## Dataset content
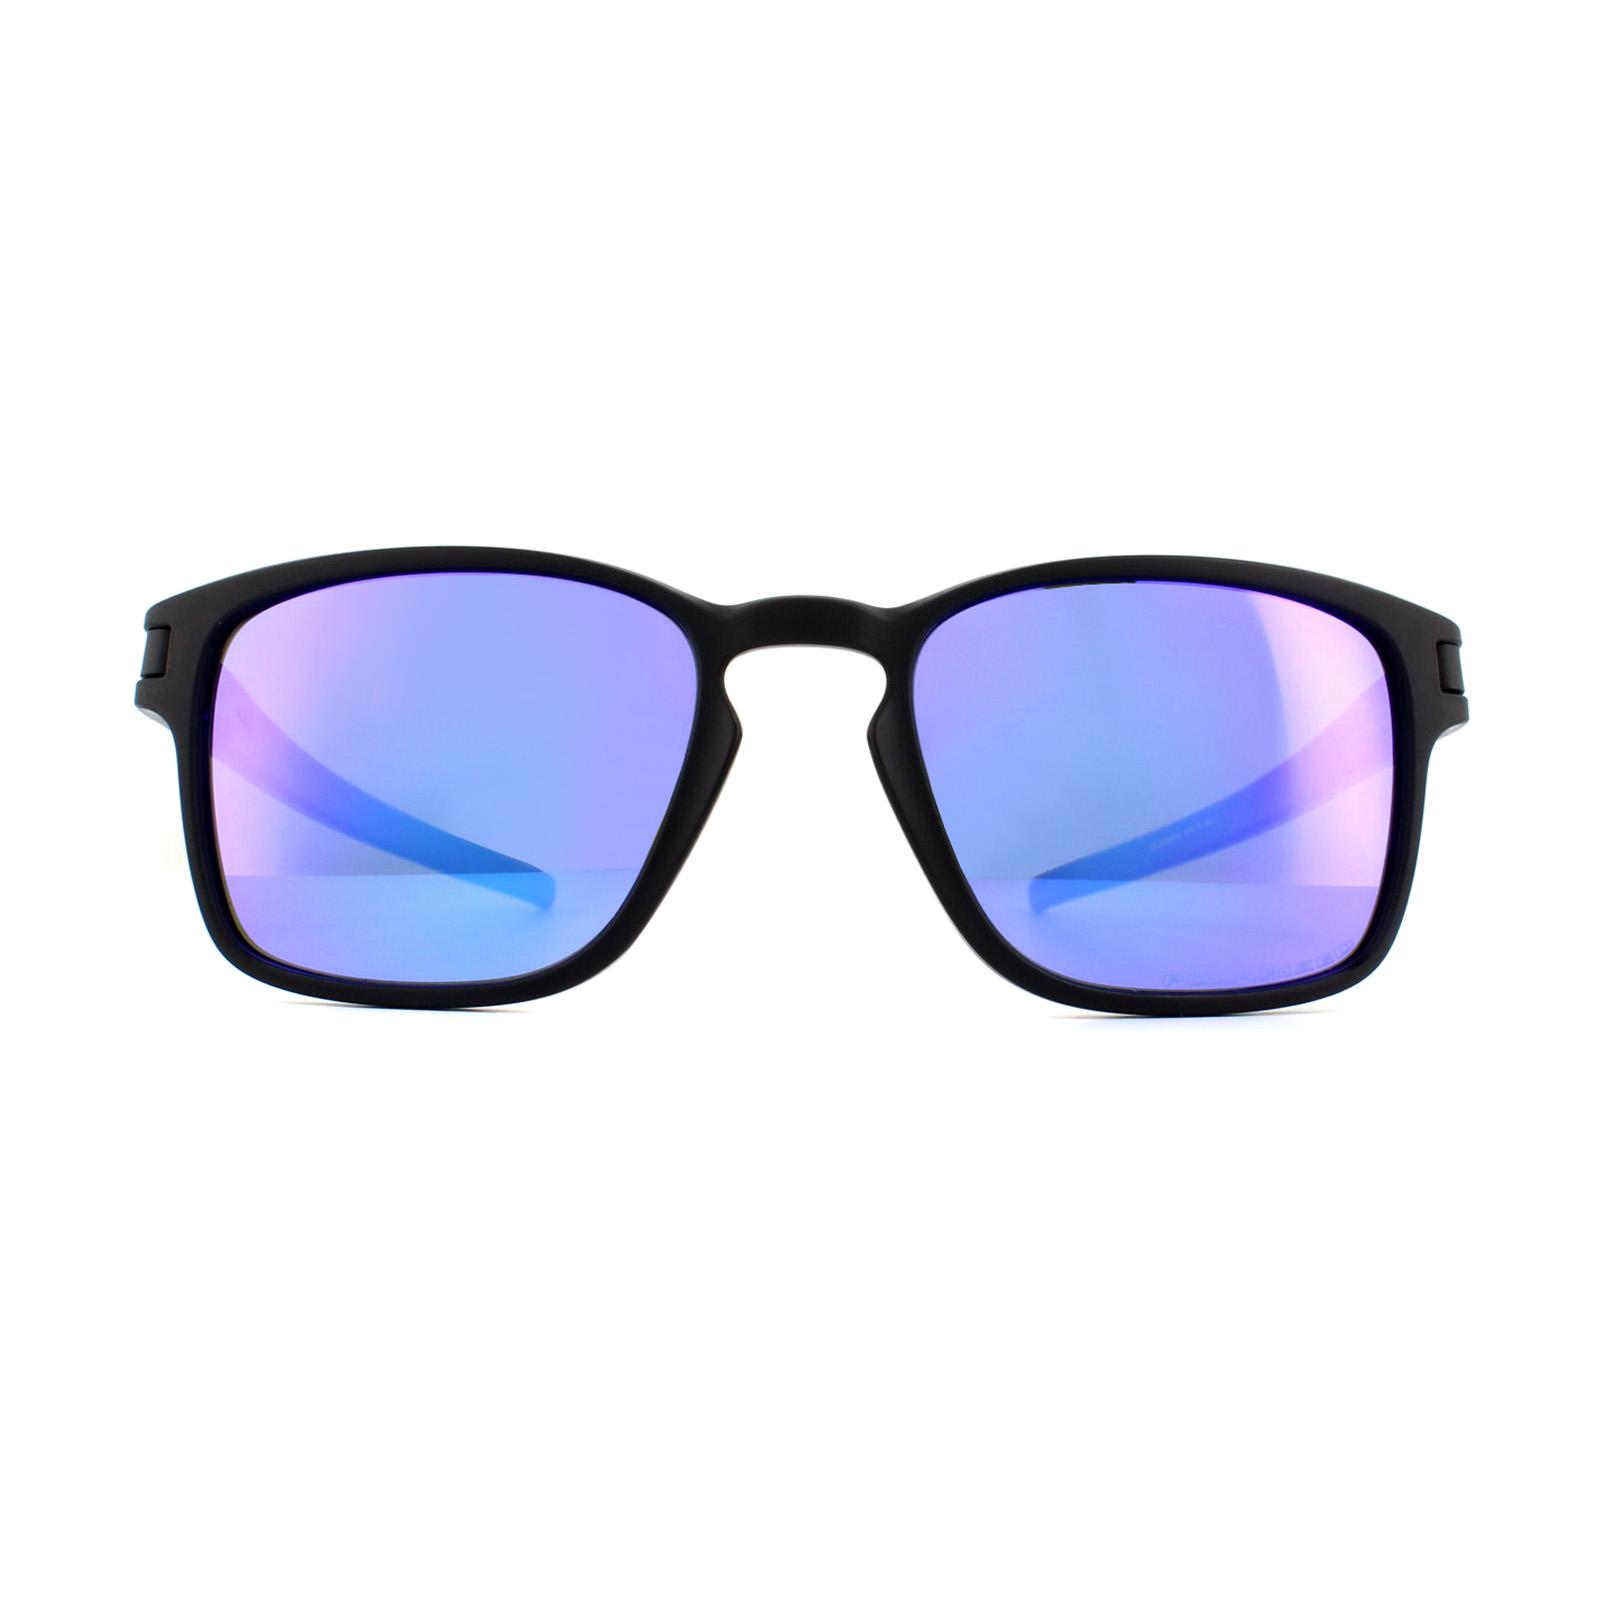 5fd0e5d545 Sentinel Oakley Sunglasses Latch Square OO9353-04 Black Violet Iridium  Polarized
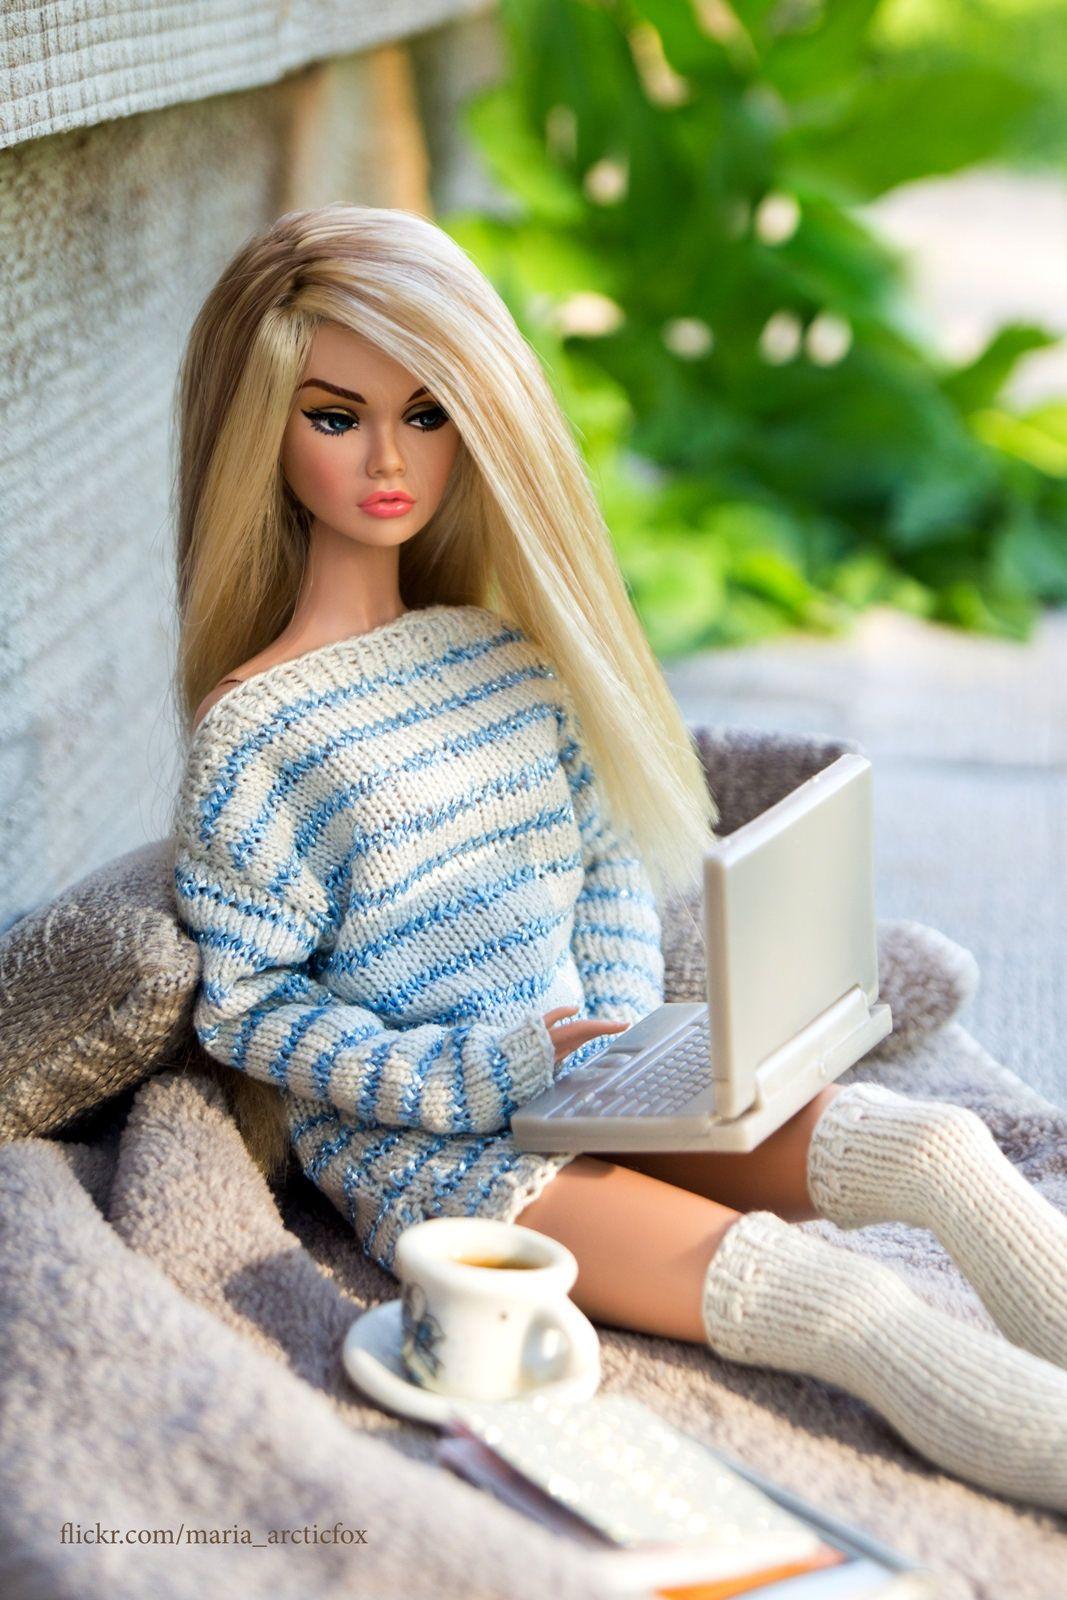 Good Morning Barbie Doll Images : morning, barbie, images, Morning), Barbie, Fashionista, Dolls,, Fashionista,, Fashion, Dolls
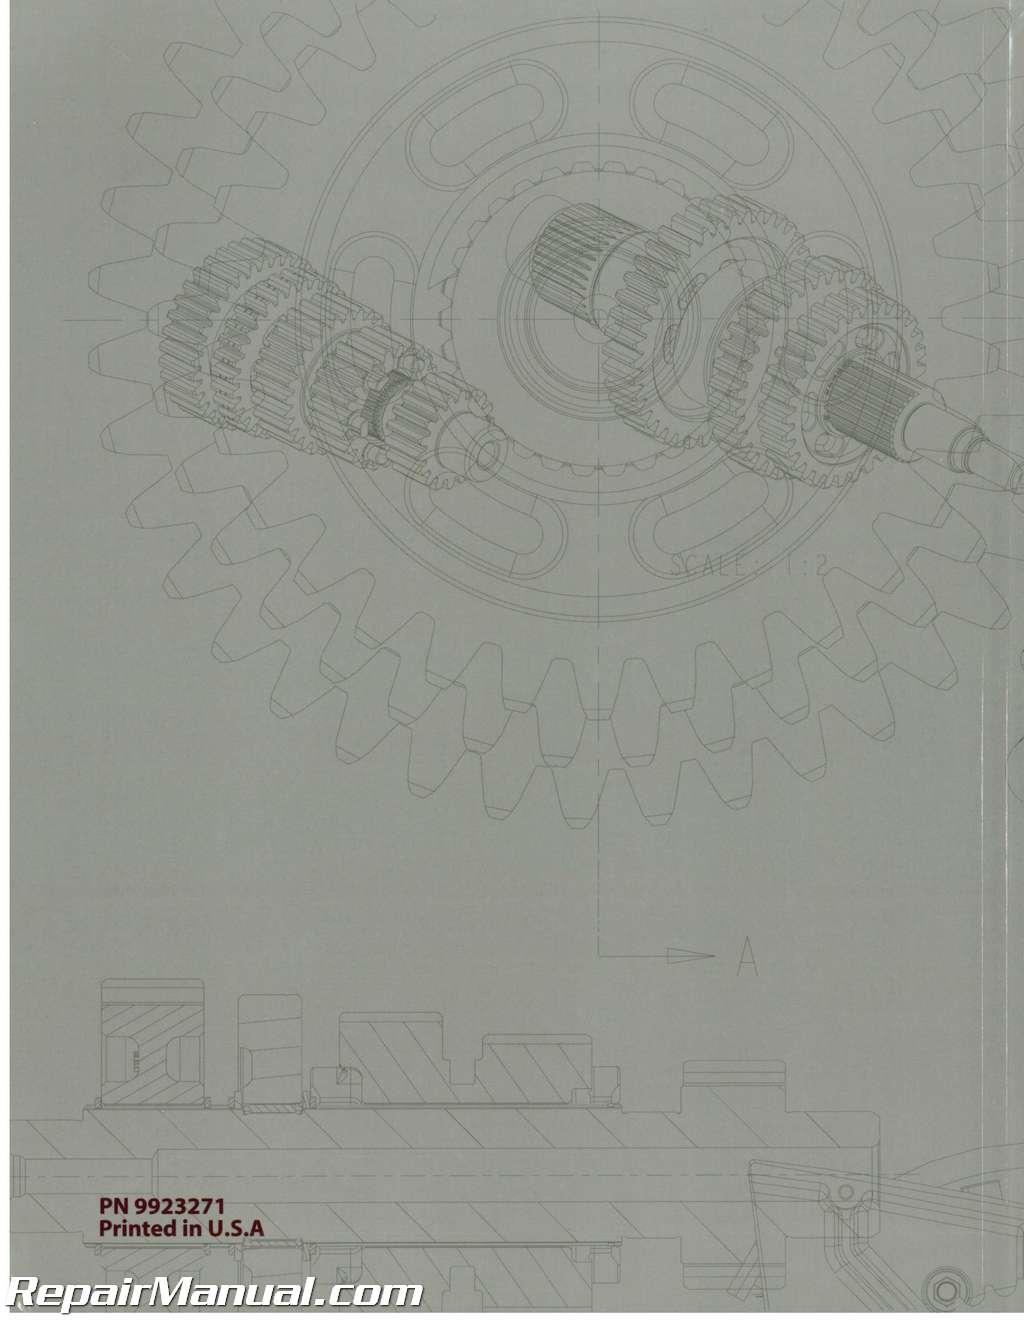 Victory Vision Wiring Diagram. Diagram. Auto Wiring Diagram
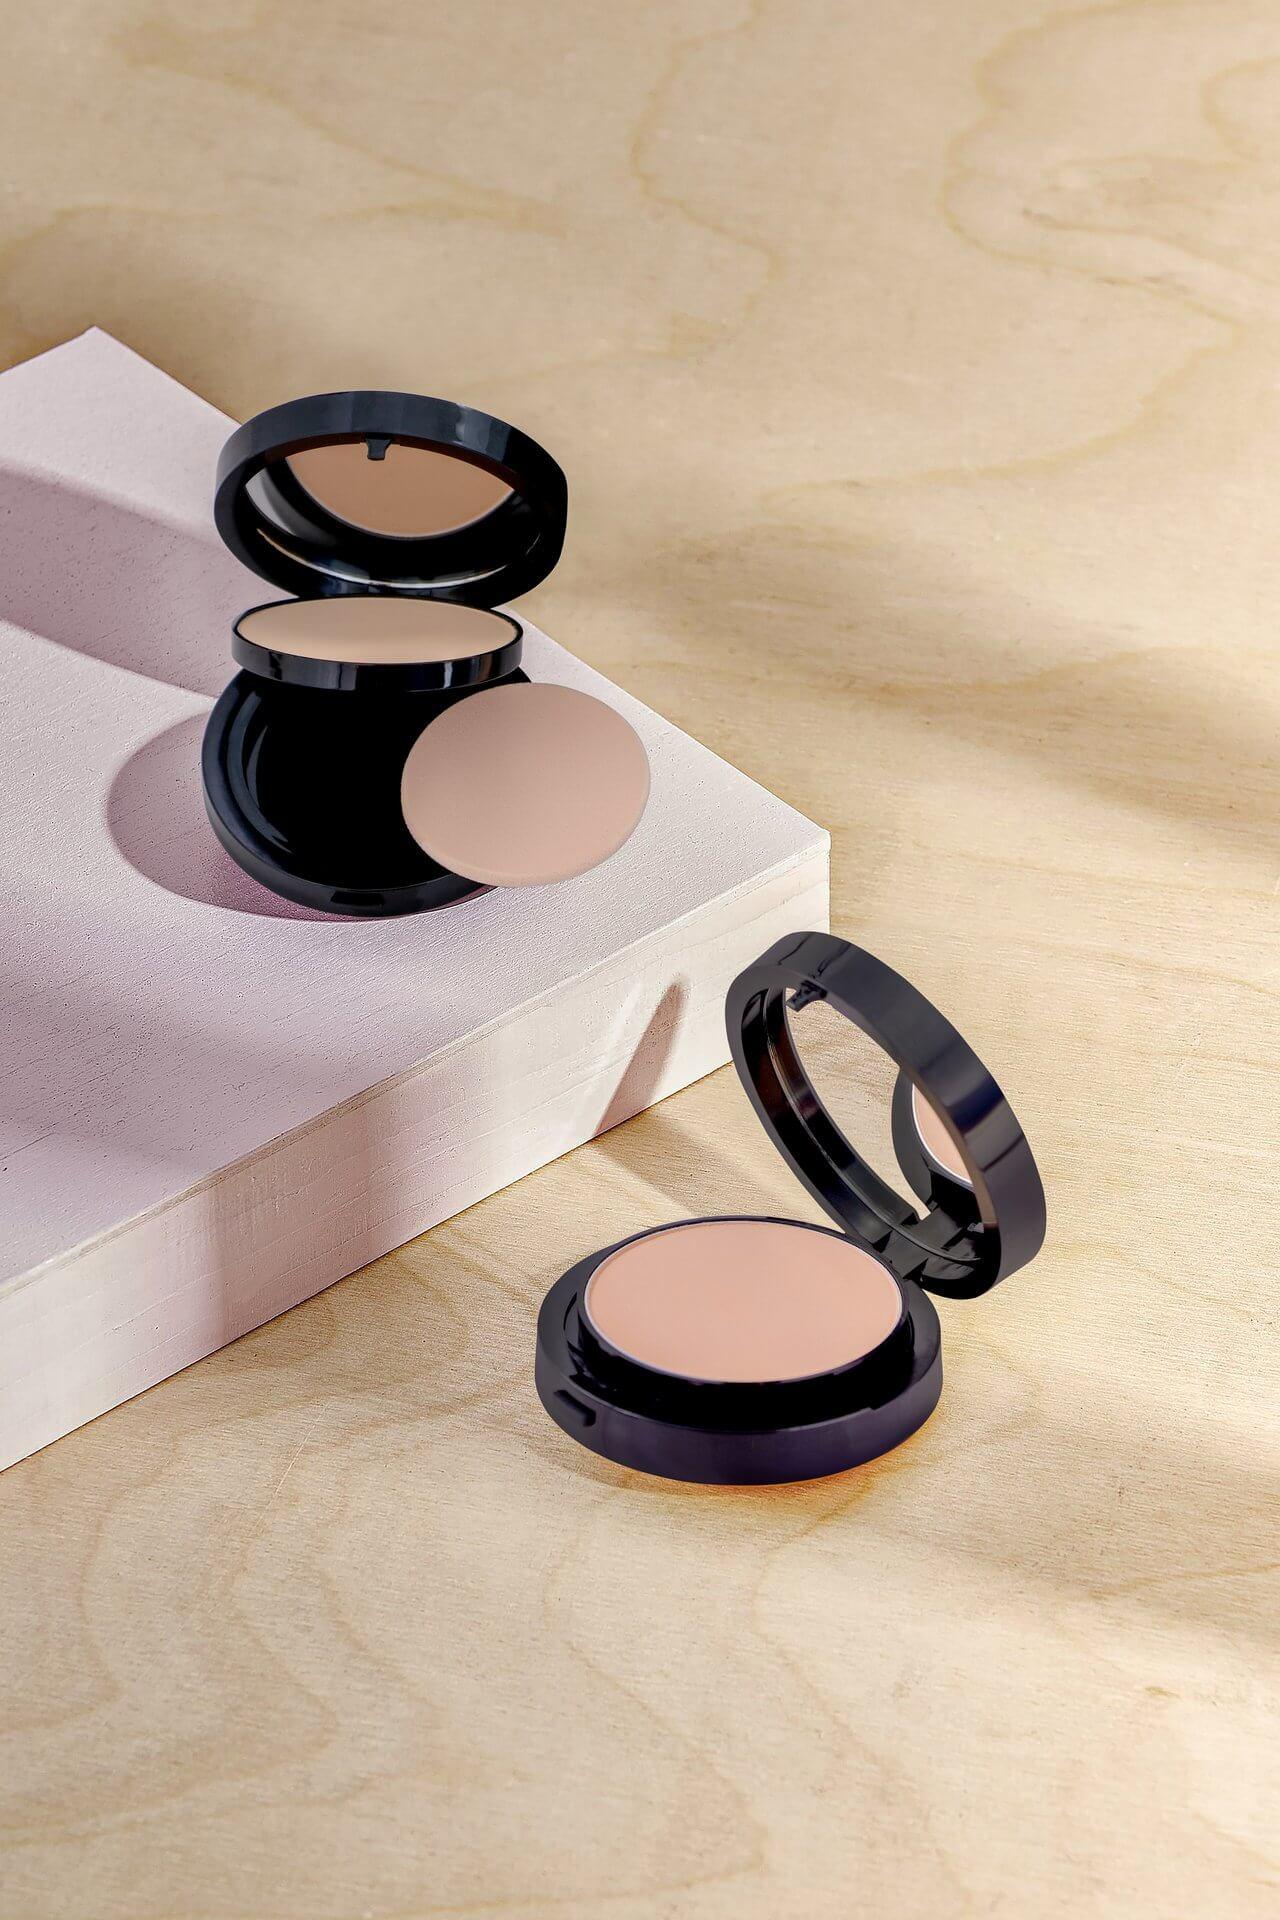 PEXELS.COM/Venus HD Make-up & Perfume

## Work item
Beginning with the line where "Good Morning Barbie" appears, reproduce every remaining line of the listing above, the last one included, but none of the pictures.

## Response to the task
 Good Morning Barbie Doll Images : morning, barbie, images, Morning), Barbie, Fashionista, Dolls,, Fashionista,, Fashion, Dolls
 Victory Vision Wiring Diagram. Diagram. Auto Wiring Diagram
 PEXELS.COM/Venus HD Make-up & Perfume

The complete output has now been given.